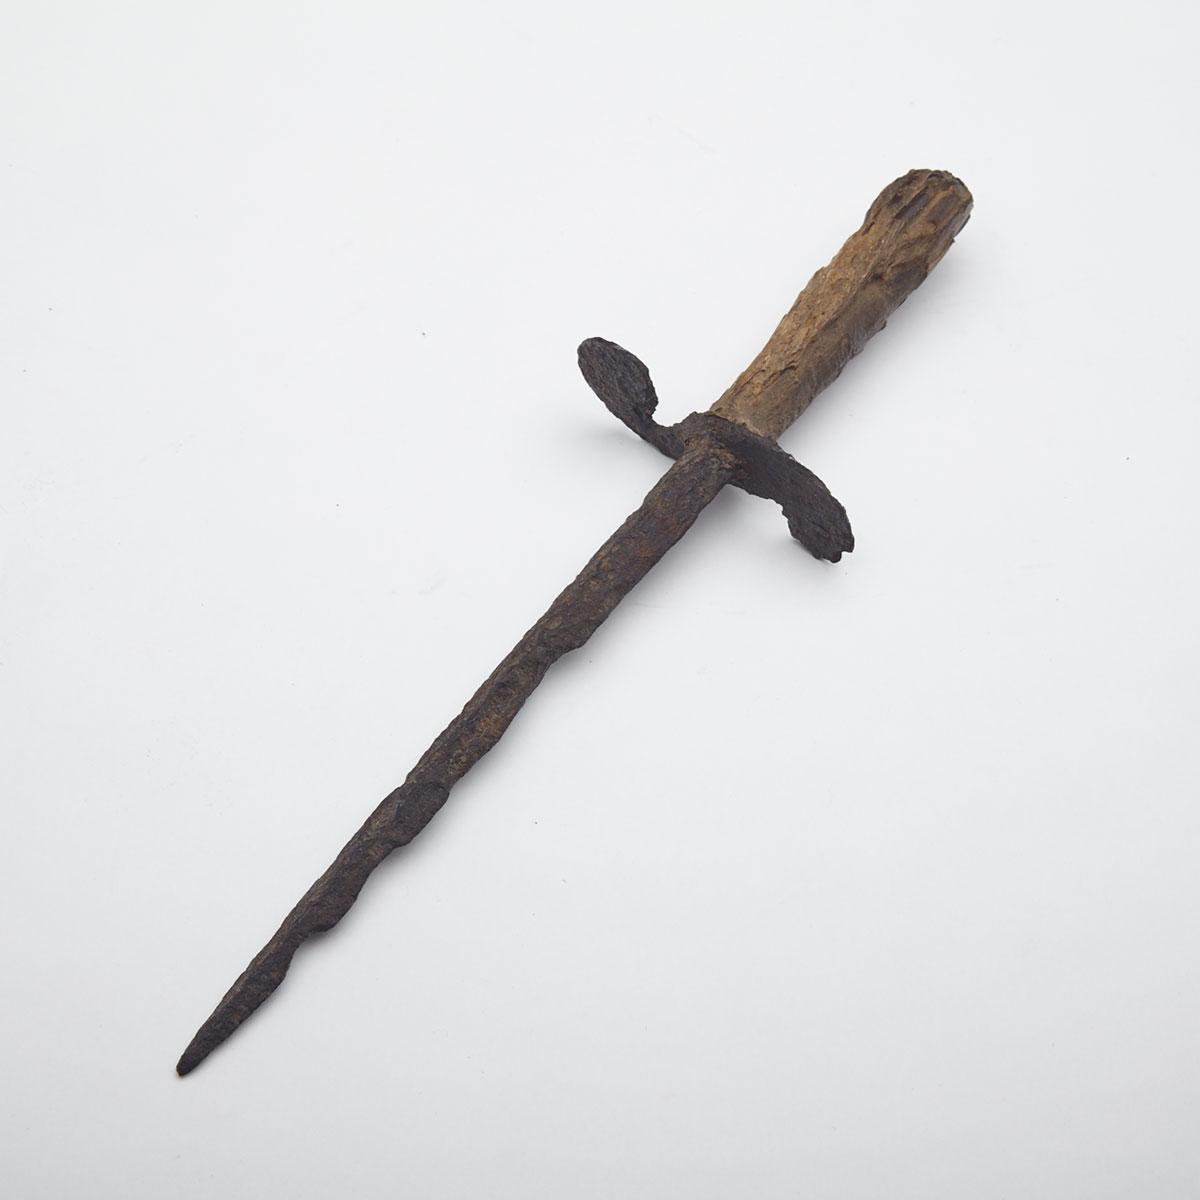 Italian Stiletto Dagger, 15th/16th century
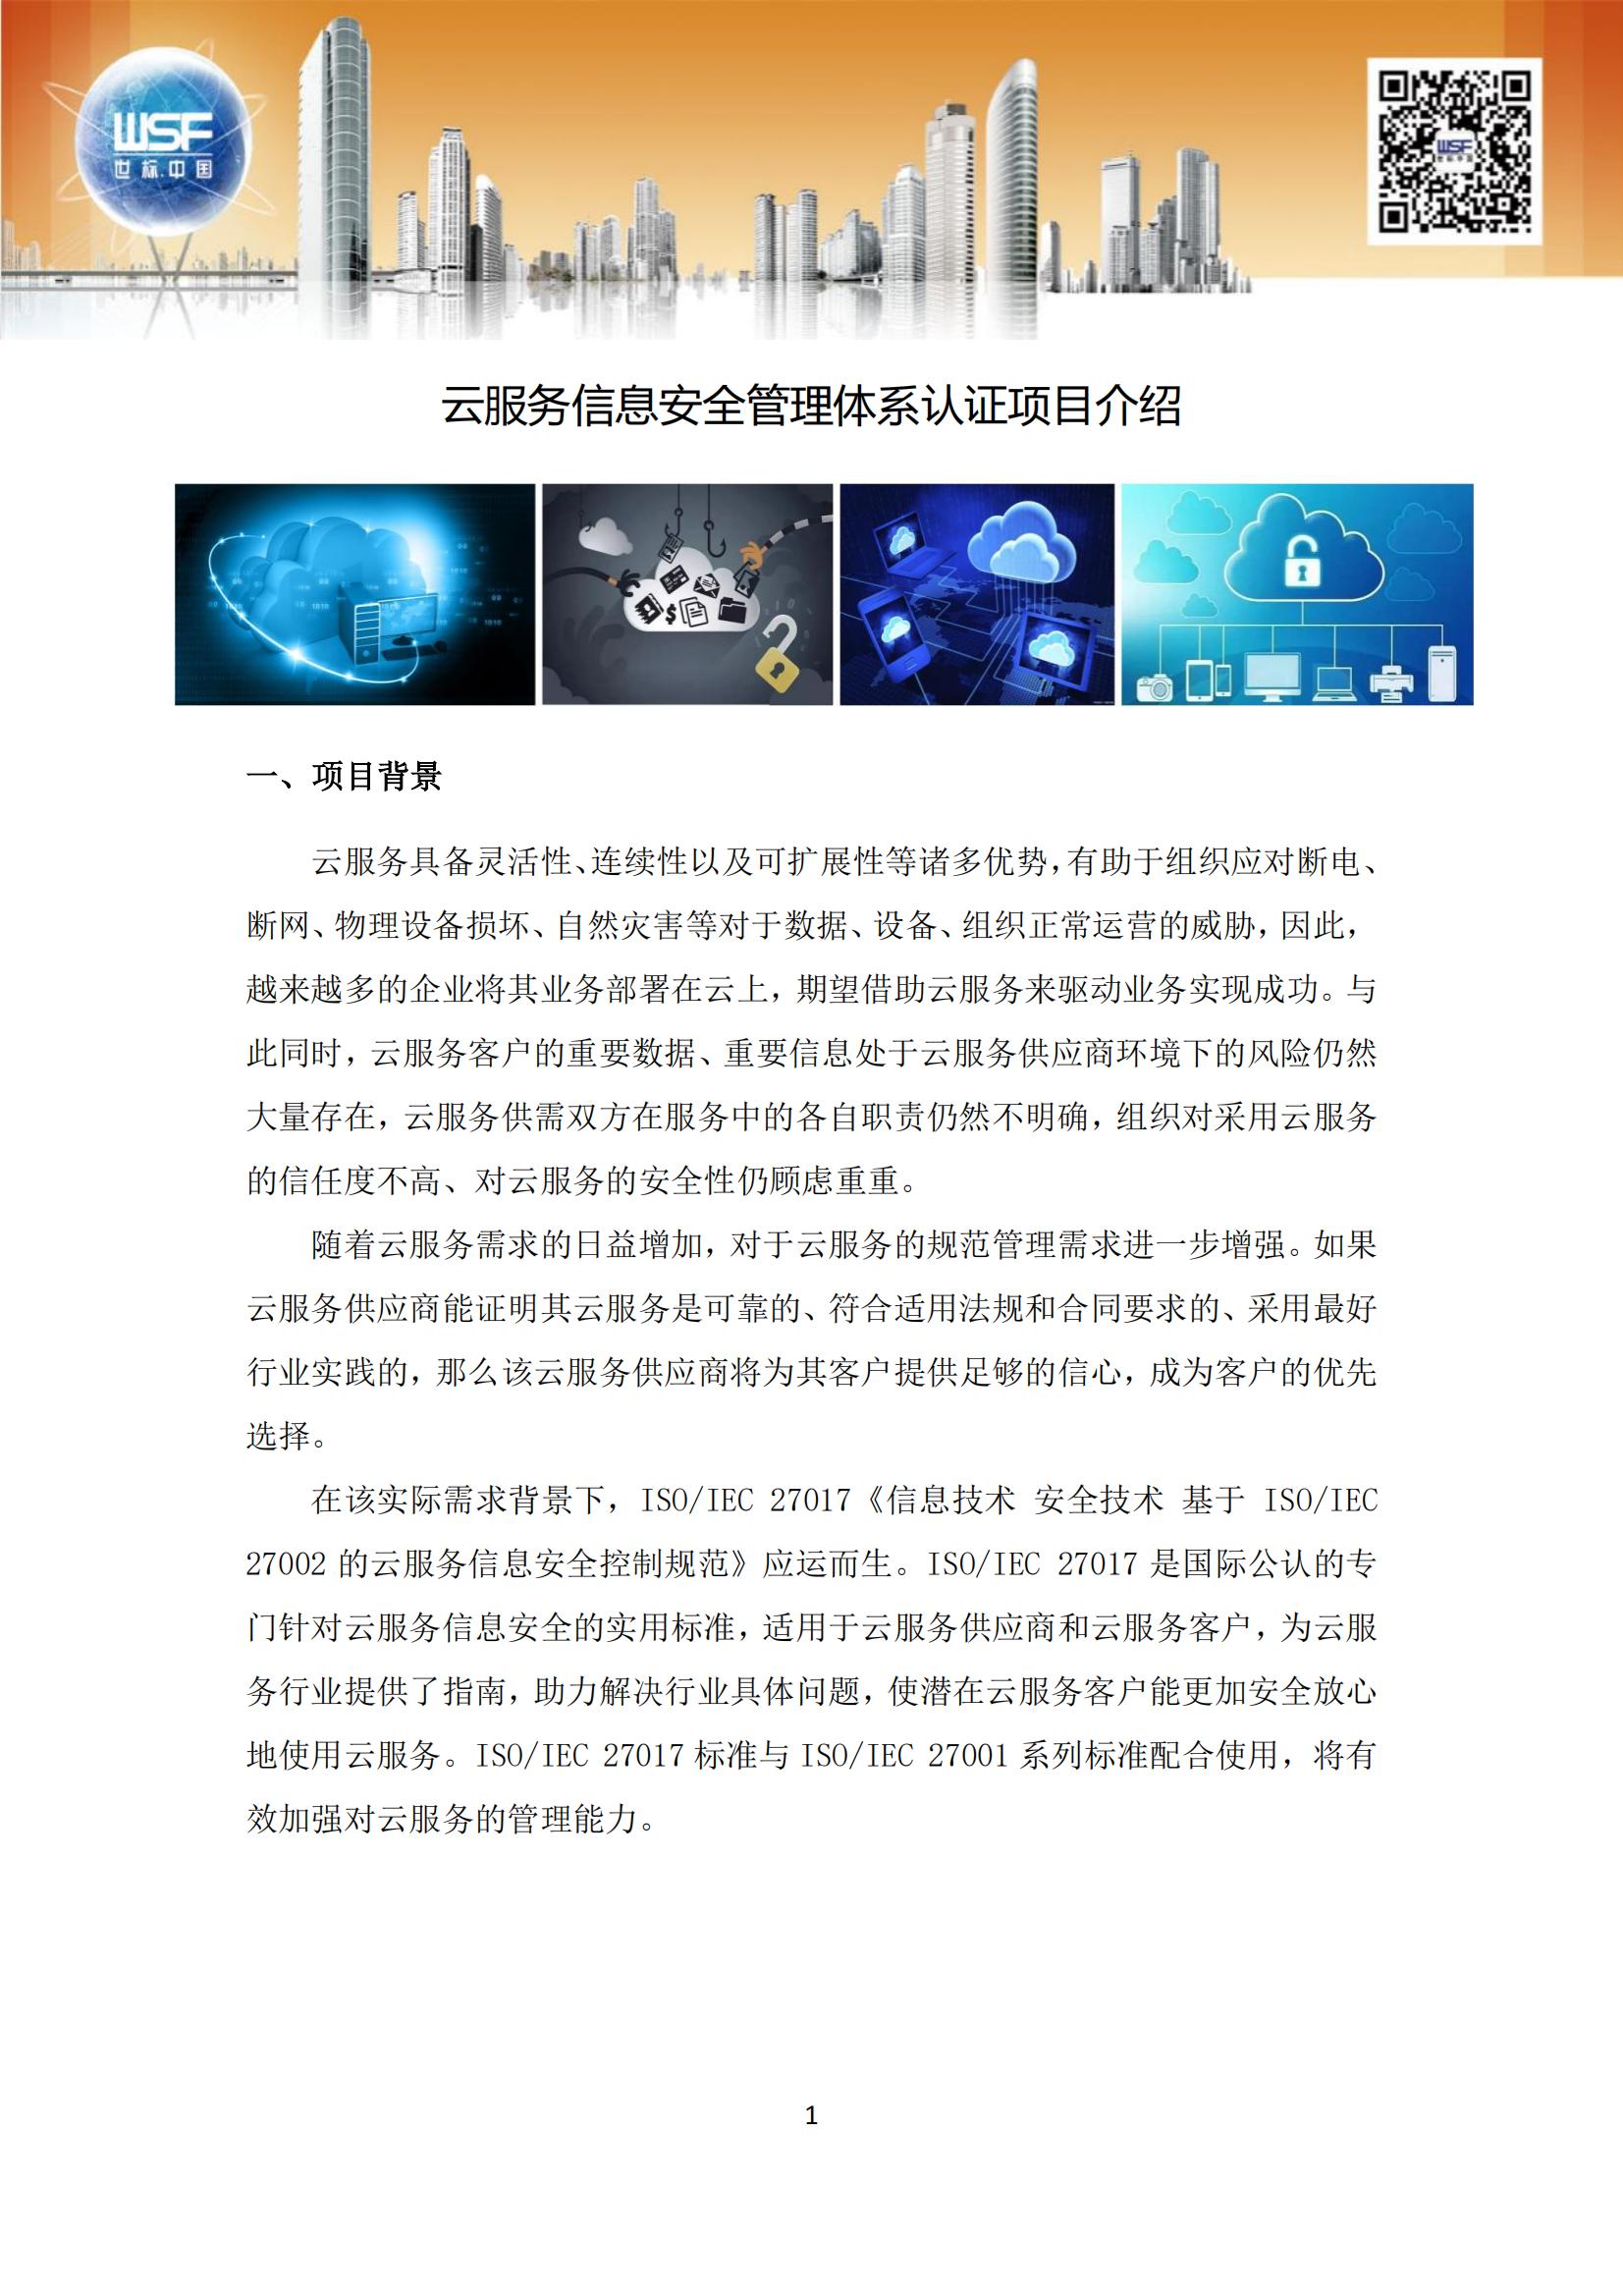 云服务信息安全管理体系认证项目介绍_00.jpg
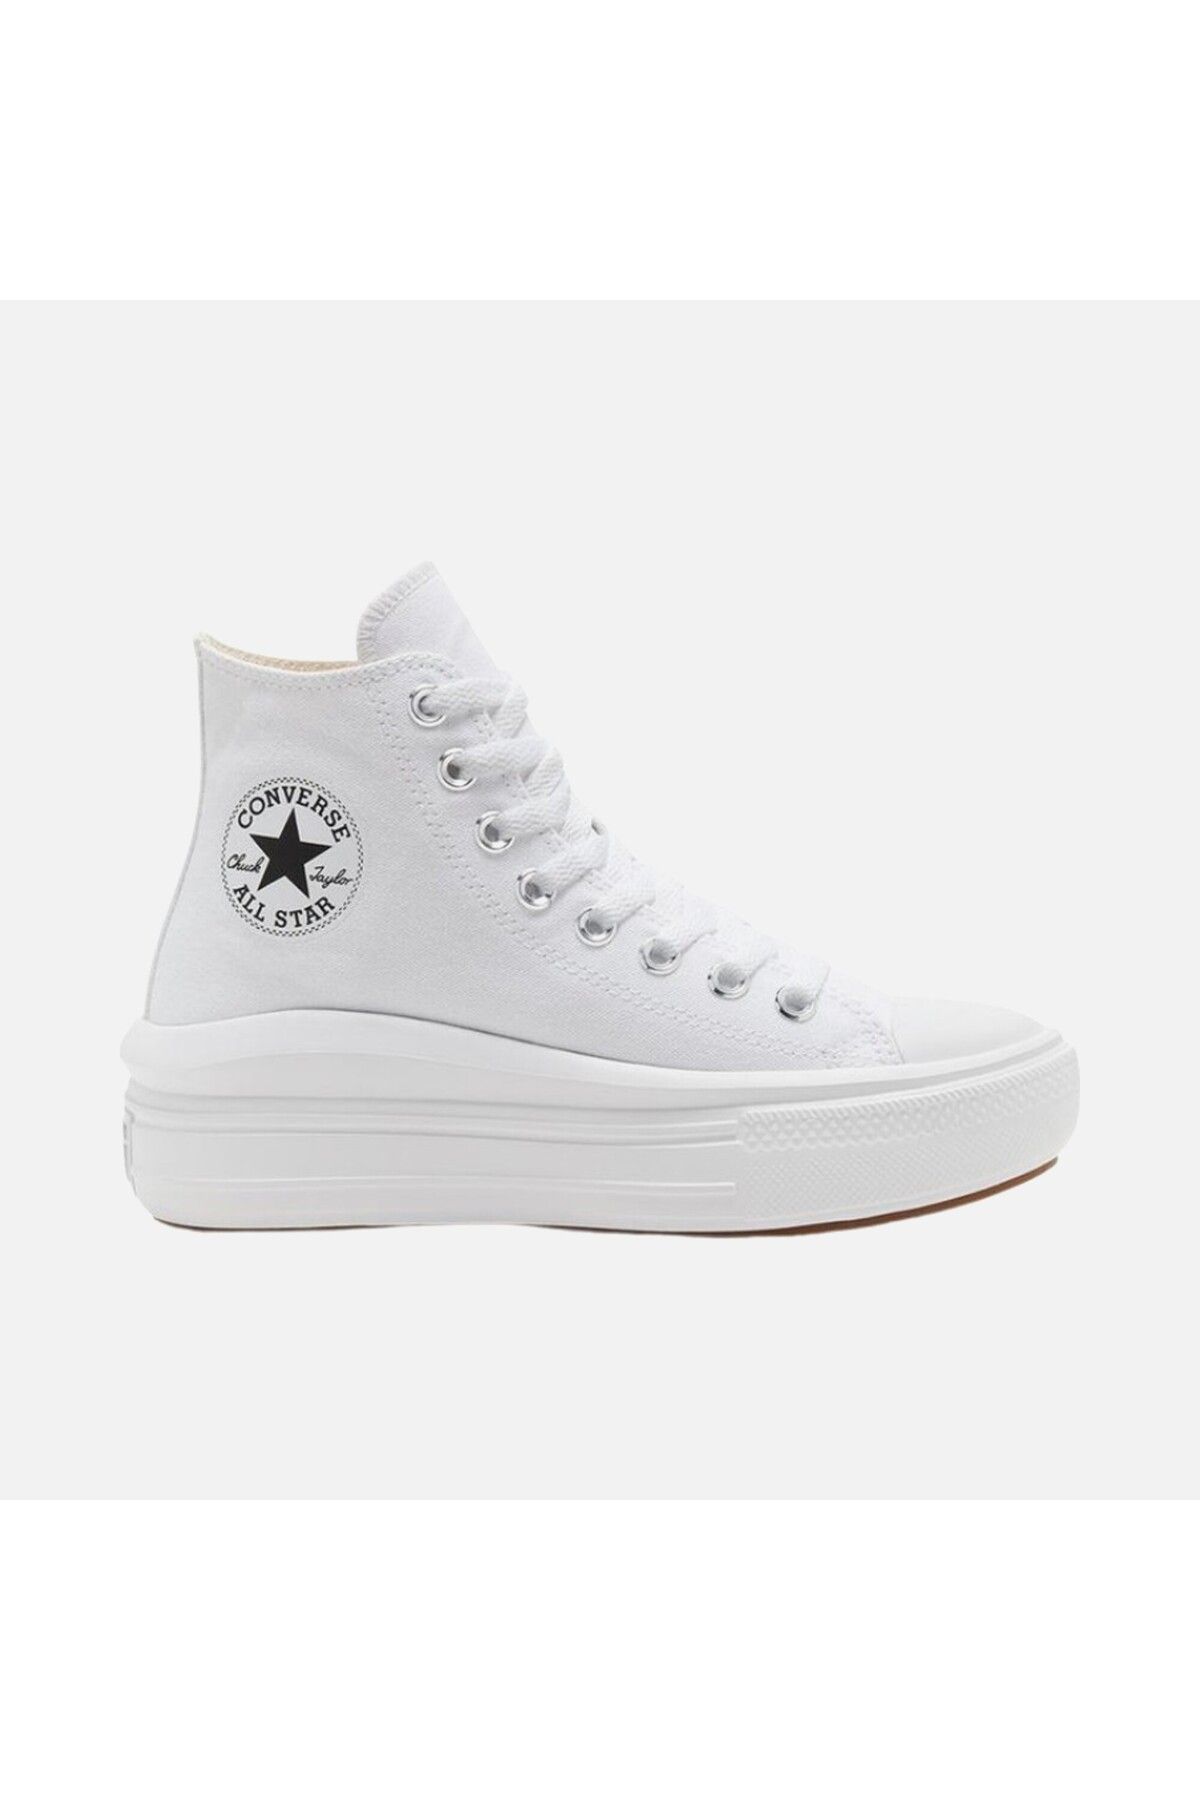 Converse Chuck Taylor All Star Move Platformlu Bilekli Sneaker Kanvas Boğazlı Ayakkabı Beyaz 568498c

To do:
Copy out all the data exactly. No images belong in the copy.

Expected answer:
 Italian Stiletto Dagger, 15th/16th century
 云服务信息安全管理体系认证项目介绍_00.jpg
 Converse Chuck Taylor All Star Move Platformlu Bilekli Sneaker Kanvas Boğazlı Ayakkabı Beyaz 568498c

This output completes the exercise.